Some fifty years later, Fromm’s concerns speak directly to the Trumpocene and how the American people got here and hopefully can escape it before we run out of time.
When I am emailed or otherwise speak with people who tell me that they are principled liberals, progressives or “good lefties”, which in their minds means they cannot in good conscience support President Biden, I have a standard reply. I tell them to make a list of all the issues they purport to care about so much. Look very carefully at the list. There is not one real issue on that list that Donald Trump, his MAGA people and the Republican Party will address in a way that you would like. Moreover, they will make all those things far worse in ways you likely cannot even imagine. Thus, to convince oneself that not voting for Biden is a type of great strategic move and the long game where the Democrats will be forced to adapt after they are defeated in the 2024 election is silly talk to the extreme.

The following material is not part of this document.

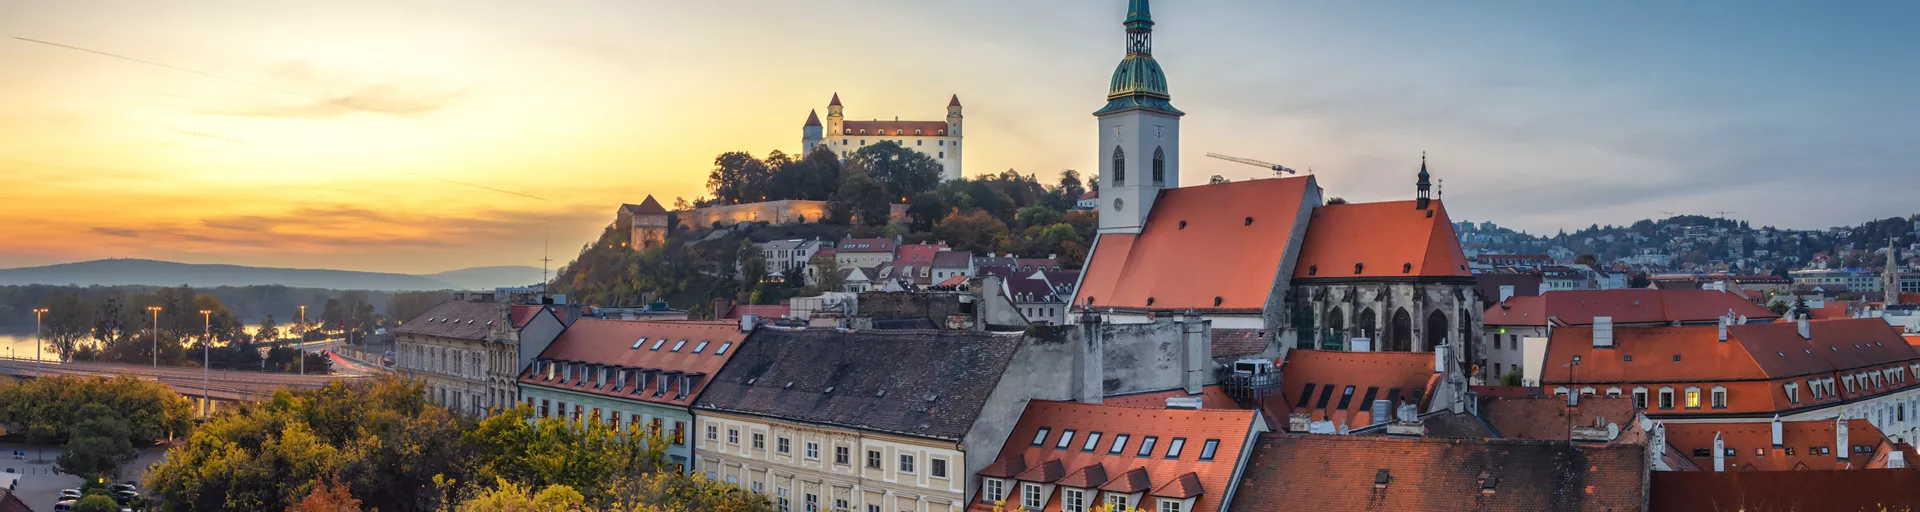 Slovakia Luxury Tours and Travel Guide

Donald Trump will be America’s first dictator; he and his successors will not leave power; burning down the proverbial village in order to save it does not work.
So please listen to Hillary Clinton and the other alarm-sounders this time. They are trying to save the American people and American democracy. But in the end the American people will have to exercise the agency, intelligence, reason, and be responsible enough to save themselves.